Showing posts with label Life. Show all posts
Showing posts with label Life. Show all posts

Tuesday, March 29, 2016

Day 1184: Readjusting to Life


It's been about two months now since I made the decision to move to a new apartment and drastically change my life forever, and looking back at the past three months, it's obvious that I was challenged in ways that I never thought possible. That's just the bad news though, because the good news is that no matter how difficult it all seemed, I know I've been changed for the better.

For those of you that were around at the very beginning of the year, you'll know that I really wasn't doing too well. The first blog post of 2016 really outlines where my emotions were at, and those feelings continued to go on for the majority of January, even through a trip to Florida with Frank and my Mom.

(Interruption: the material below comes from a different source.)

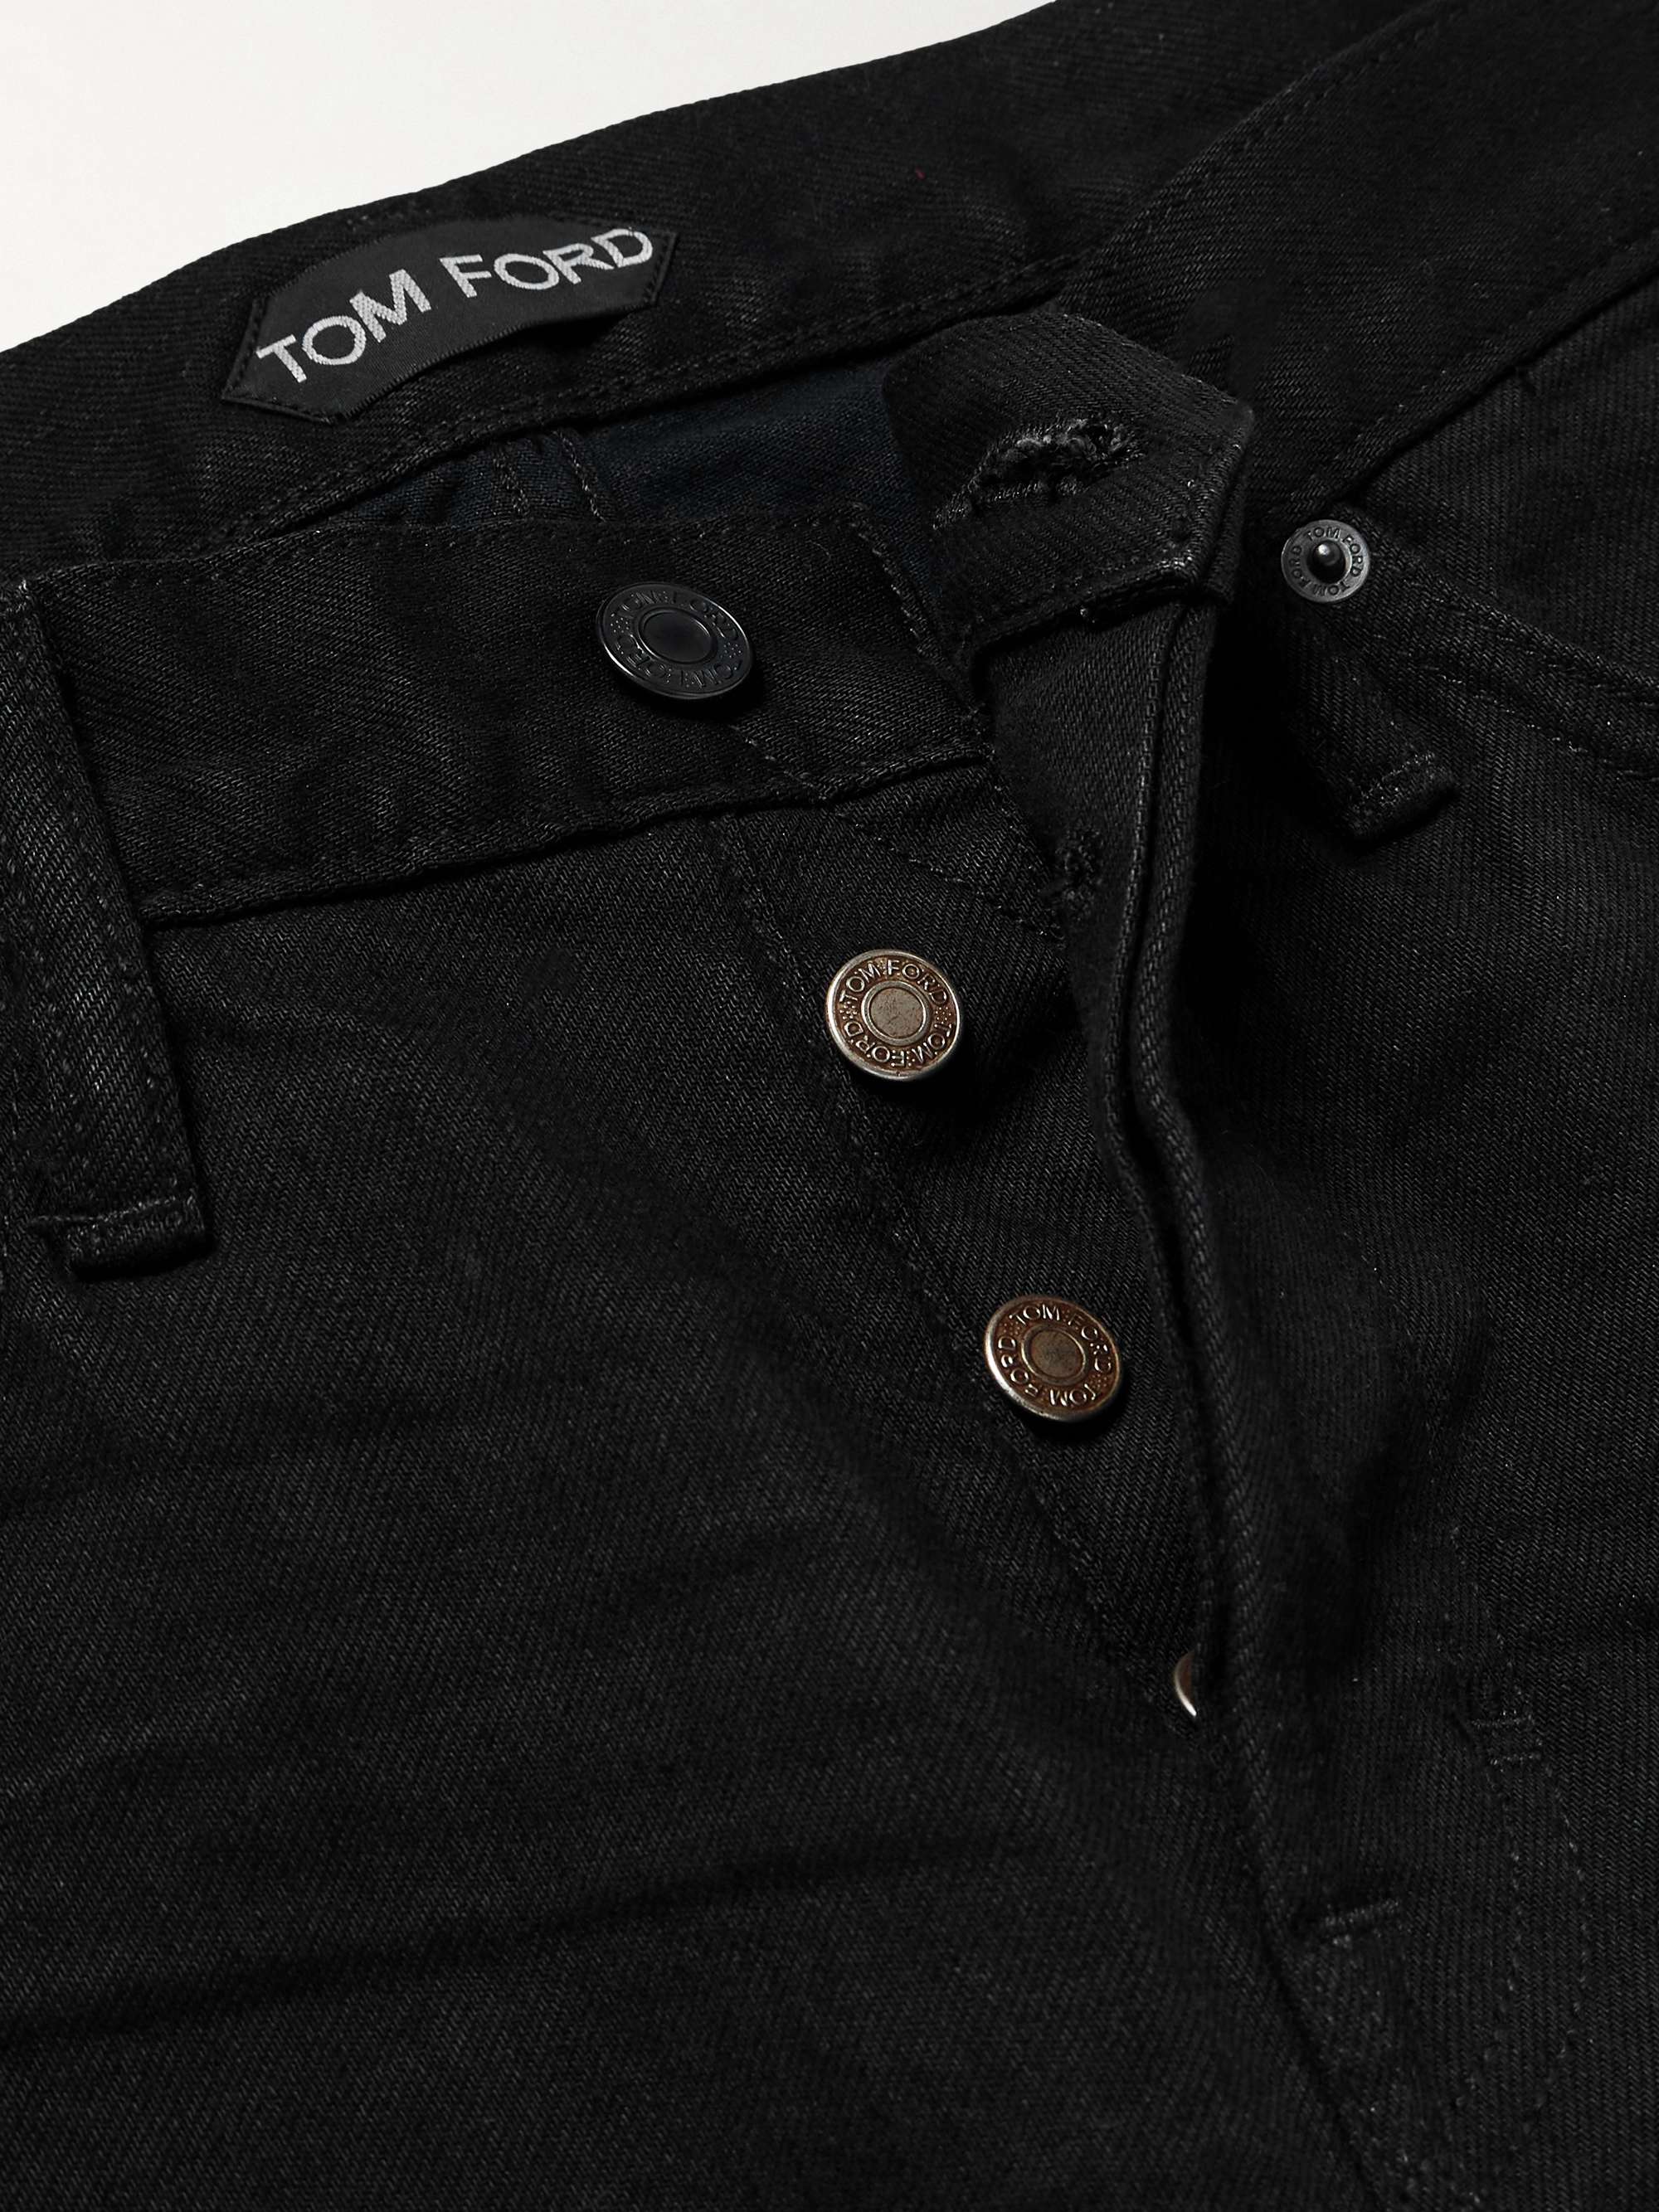 TOM FORD Slim-Fit Selvedge Jeans for Men | MR PORTER
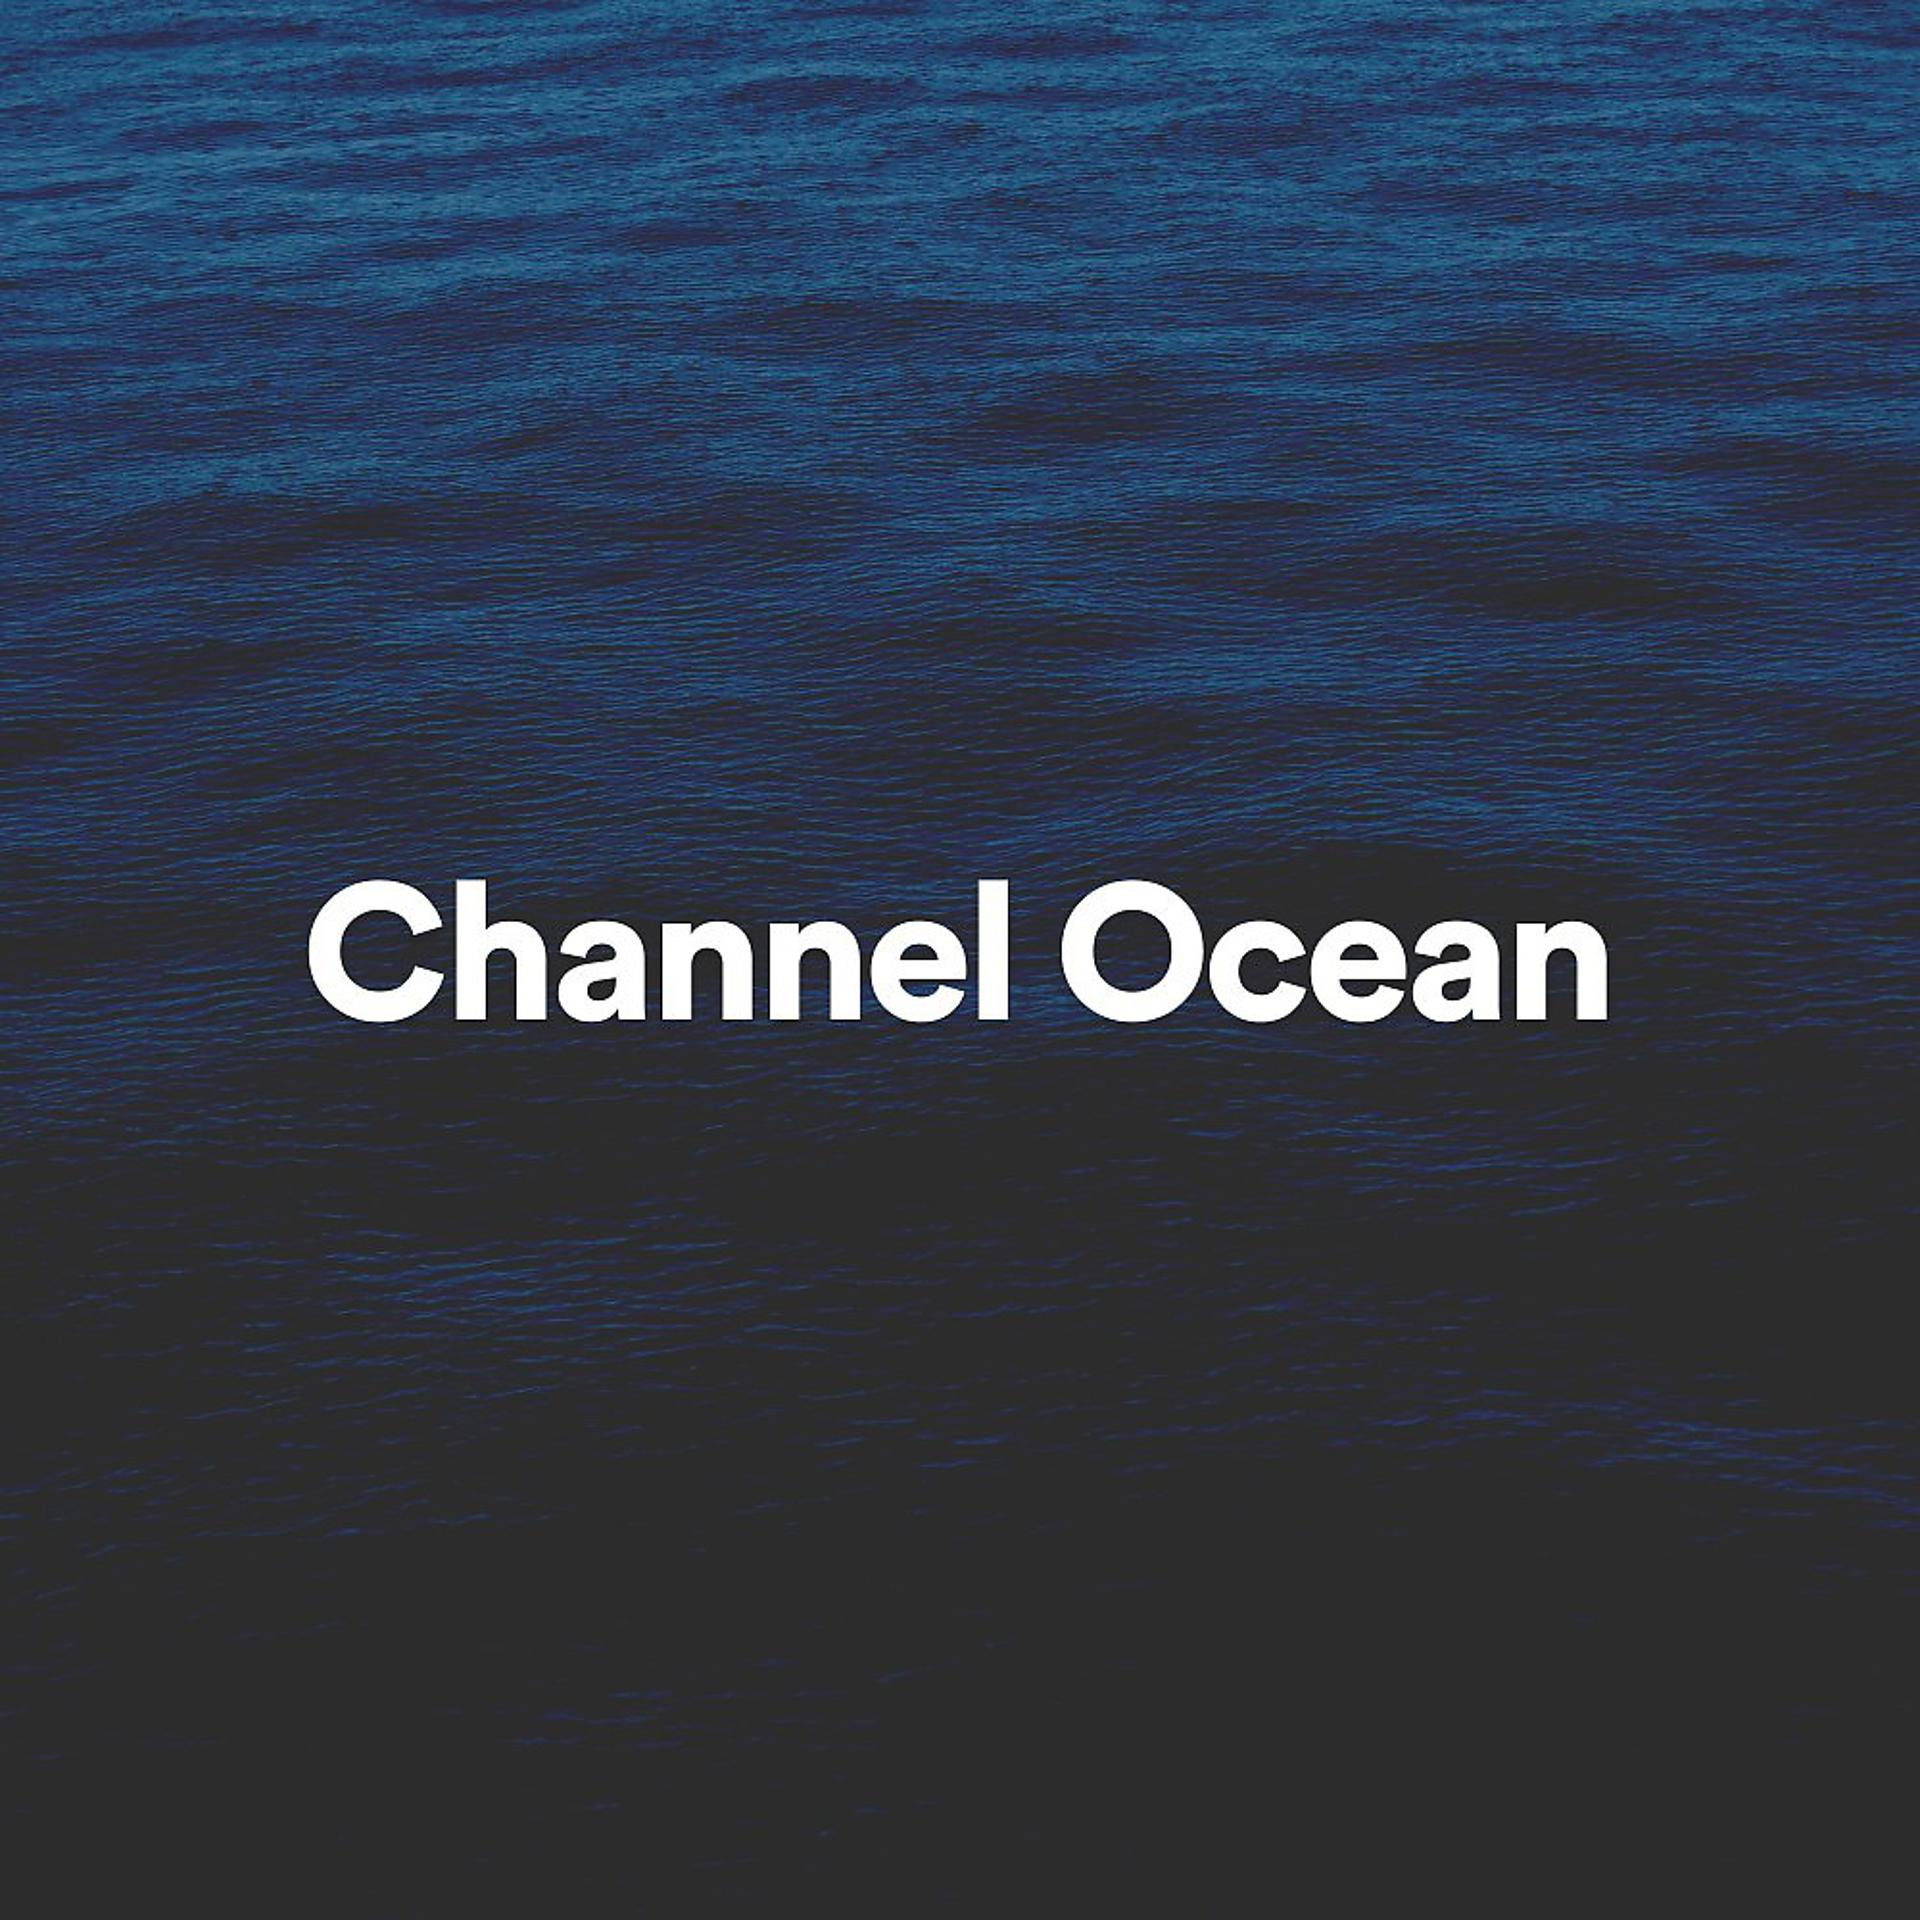 Loud Ocean. Ocean channel

Since then it's felt like one blow after another, but regardless I'm happier than I think I have been at any point in college, and I thought that it was probably about time to give you a complete update on what that means.

The blog post detailing our new apartment isn't up yet (those other blows have really put me behind on blogging, but I'm slowly catching up), but we love living here a ridiculous amount, even if the building is scheduled to be torn down at the end of the year. We have another roommate, Erin, who we love and get along with super well. The corn in the picture above is part of a real meal, which I made myself for dinner, and is absolutely something that wouldn't have happened last semester. Eating healthier means I feel healthier, and that means I'm happier too.

While unfortunately I lost some friends over the past few months, my experiences have also brought me closer to new friends, and oddly enough, they're mostly people that have surrounded me for years. The best part though? They absolutely accept me for the really weird person that I obviously am. I think I've spent more time in the past two months in other dorms and trying new things that I ever have before, and even if I had to go through hell to make it to those experiences, I'm pretty grateful. I love and adore the people that I'm surrounded by now (not to say that I didn't love and adore those that I have lost, because I did, very much), and I'm sure you'll all be happy to hear that a smile on my face is once again a feature in my everyday life.

And, of course, as you already know, I'm looking forward to my next Disney trips! I've already introduced my "Choose My Adventure" idea, but here's a video on it as well that explains a bit more:


Videos and blog posts have definitely been spotty over the last few months, but even as I approach the end of the semester, I'm making an effort to keep on top of things as best I can and catch up on what I've missed. My goal is write at least two blog posts a day (one for the current date and then one other), which allows for all of you to read through at a more normal rate, and allows me to have enough time and energy to spend on each individual post. YouTube videos will continue to go up on Tuesdays with the possibility of a few surprise videos here and there! 

Overall though, I can't express how thankful I am for all of your support. Previous to the last number of months I thought I knew what suffering and pain felt like, but the challenges that were thrown my way were never something I could have anticipated or prepared for, but I'm so much happier now that I'm not sure it even matters anymore. Rafiki once said that we have to put the past behind us, and I think that now, finally, after a lot of thought, I'm ready to do just that, and start readjusting to the new life I'm building for myself as we speak. 

Have a magical day! 


Friday, May 16, 2014

Day 501: IT IS FINISHED

It's honestly funny how quickly a year can pass by without you knowing it. Thinking back to 2013, I wasn't halfway done with a year on this blog yet, I was still in High School and I most certainly did not have a year of college under my belt. But now I do, and it's weird how much things change. How much you change.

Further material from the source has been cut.